No idea how to get K rot energy!

I've been working on this problem forever (all morning). The answer to the problem is apparently 0.506J.

HOW?!

 

[gneill]

Once the ball leaves the table there's nothing to provide torque to change its rotation, so ignore everything that happens after it leaves the table.

Write an expression for the rotation rate of the ball as it rolls. That's the $\omega$ for your rotational kinetic energy expression. What expression will you use for the moment of inertia?

(P.S. I feel that the problem author used an incorrect moment of inertia; a basketball is a thin spherical shell, not a solid sphere).

 

[matxjos]

Once the ball leaves the table there's nothing to provide torque to change its rotation, so ignore everything that happens after it leaves the table.

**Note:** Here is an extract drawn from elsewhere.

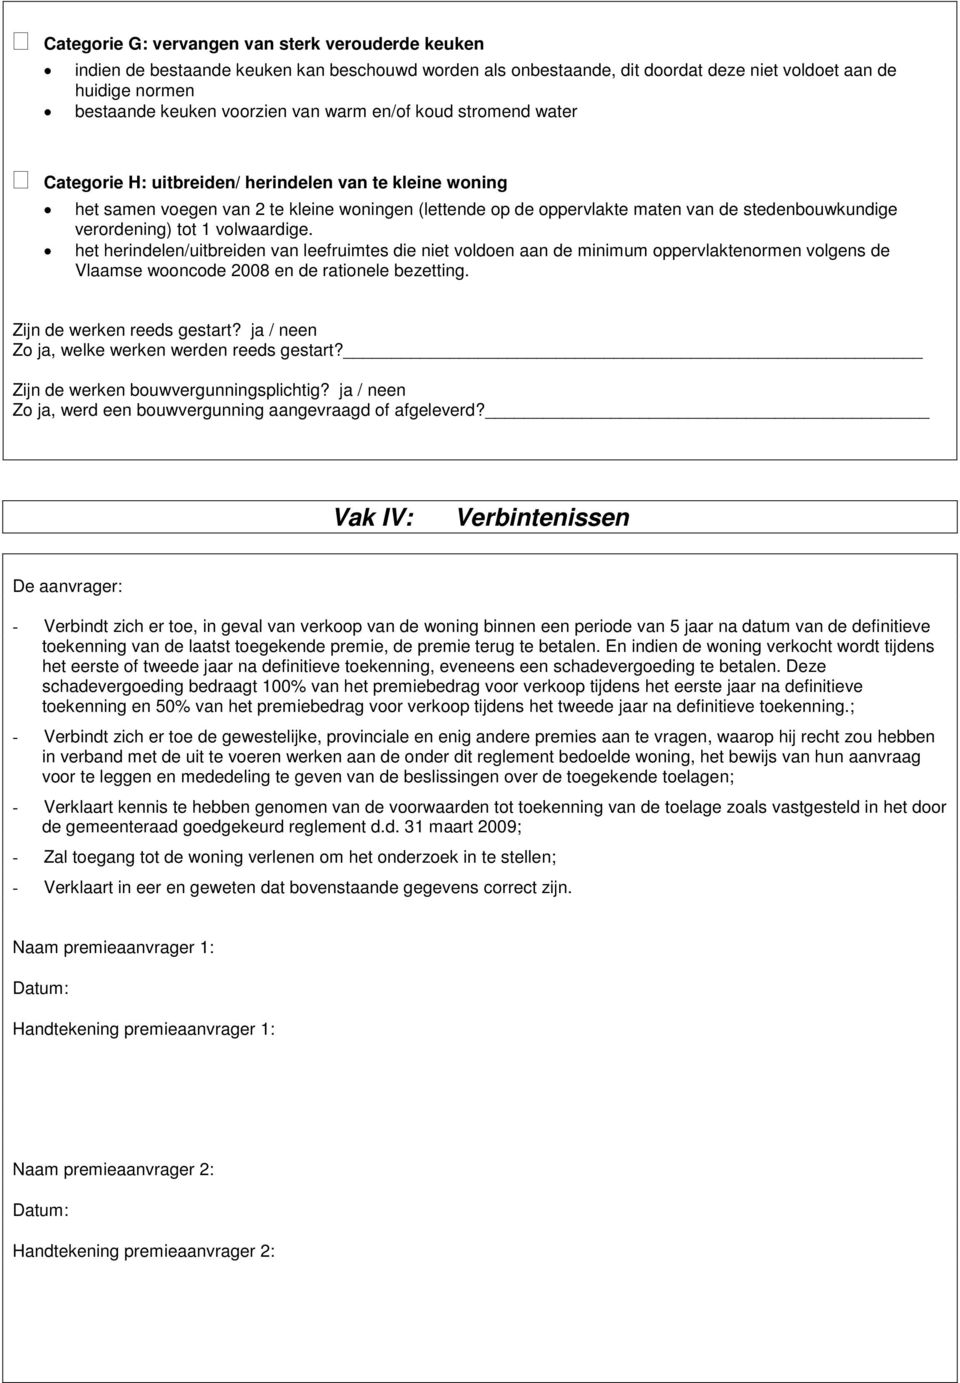 verordening) tot 1 volwaardige. het herindelen/uitbreiden van leefruimtes die niet voldoen aan de minimum oppervlaktenormen volgens de Vlaamse wooncode 2008 en de rationele bezetting.

Write an expression for the rotation rate of the ball as it rolls. That's the $\omega$ for your rotational kinetic energy expression. What expression will you use for the moment of inertia?

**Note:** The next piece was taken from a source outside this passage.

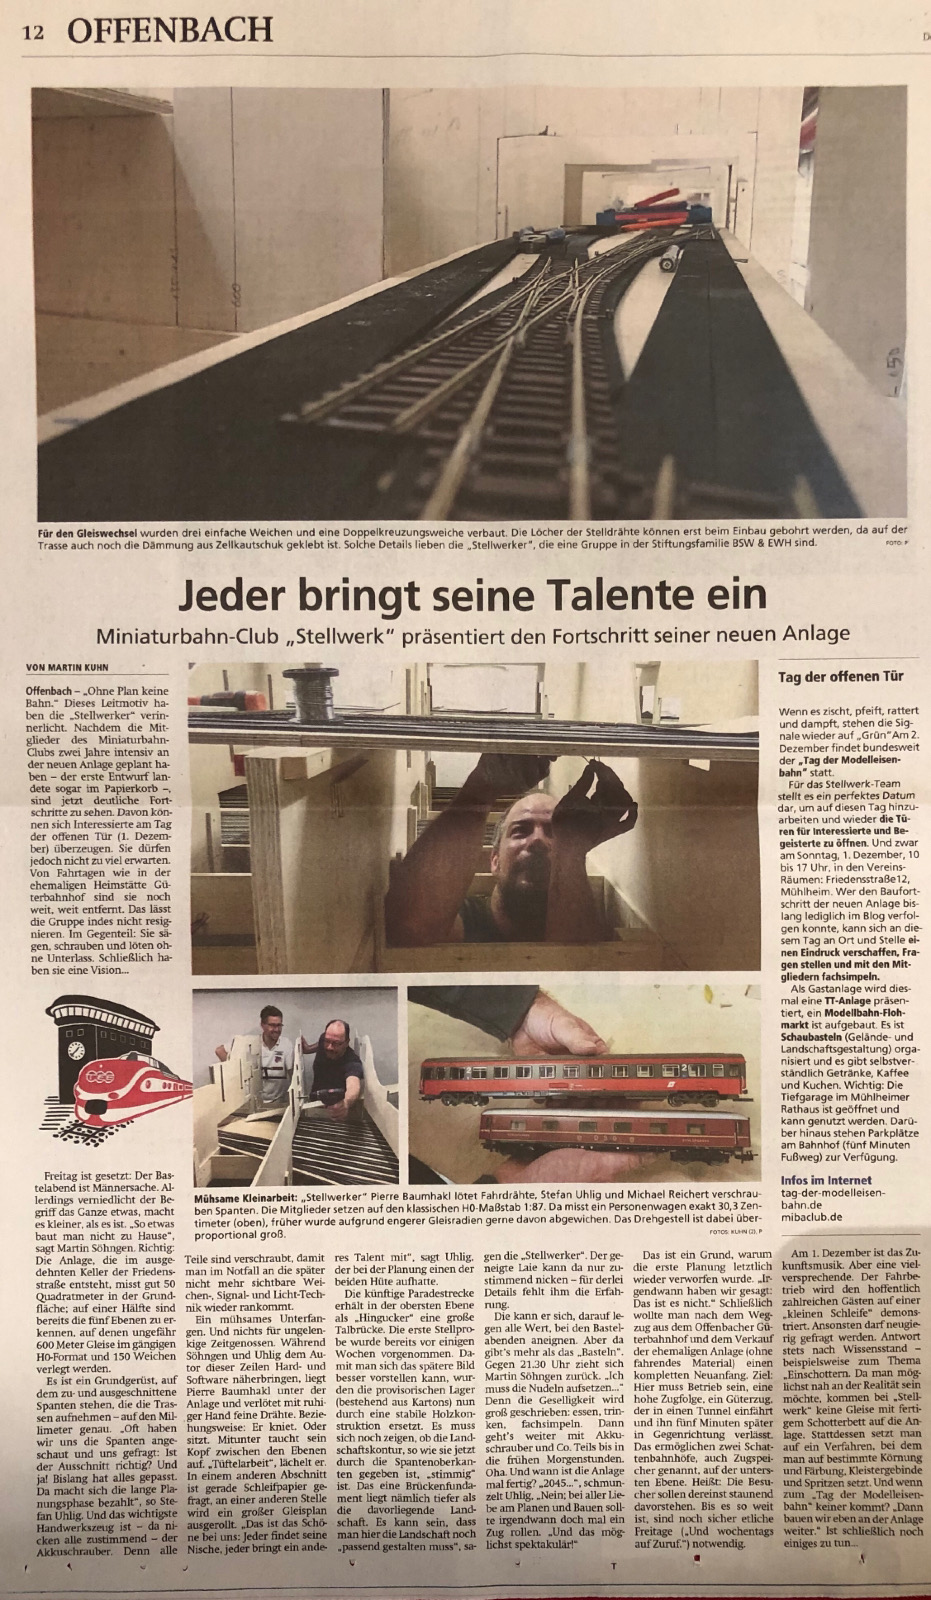 Offenbach Post; vom 28.11.2019; vom Martin Kuhn; Jeder bringt seine Telente ein
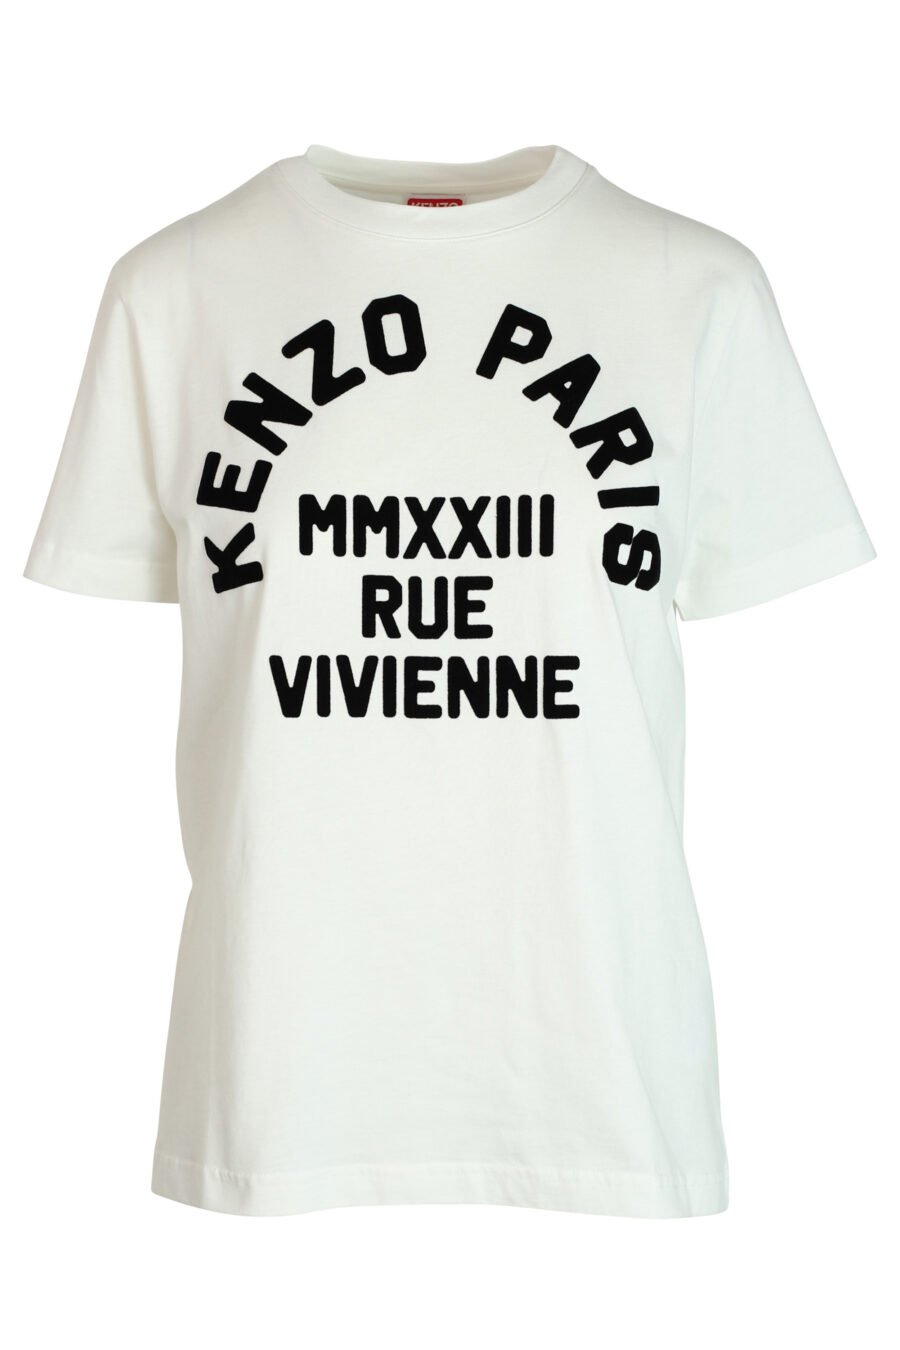 T-shirt branca com maxilogo preto "rue vivenne" - 3612230461161

(P.S. I feel that the problem author used an incorrect moment of inertia; a basketball is a thin spherical shell, not a solid sphere).

Well, a solid sphere's moment of inertia is 2/5MR^2. Is this the expression I use? I still don't know the radius...

I'm not even sure what you mean to write an expression for the rotation rate. Like in rad/s? I know how to get that from rev/min, or even m/s, but I don't know the radius. :(

Thanks for looking at this problem!

 

[matxjos]

Once the ball leaves the table there's nothing to provide torque to change its rotation, so ignore everything that happens after it leaves the table.

Wait, if there is no rotation after the ball leaves the table, does that mean the rotational energy is zero? Or just the same as the initial KE rot?

 

[haruspex]

Well, a solid sphere's moment of inertia is 2/5MR^2.

Solid basketballs?! That's serious training.

I still don't know the radius...

You'll find you don't need to. Just put in an unknown for it and it should cancel out later.

I'm not even sure what you mean to write an expression for the rotation rate. Like in rad/s?

Yes. Create another unknown for this, and an equation relating it to linear speed and radius.

if there is no rotation after the ball leaves the table

gneill said there'd be no change in rotation rate.

 

[matxjos]

Solid basketballs?! That's serious training.

You'll find you don't need to. Just put in an unknown for it and it should cancel out later.

Yes. Create another unknown for this, and an equation relating it to linear speed and radius.

gneill said there'd be no change in rotation rate.

Wow, thanks, I got the answer! I didn't realize things cancel out...physics is most confusing when that has to happen. But very interesting.

Thanks haruspex and gneill!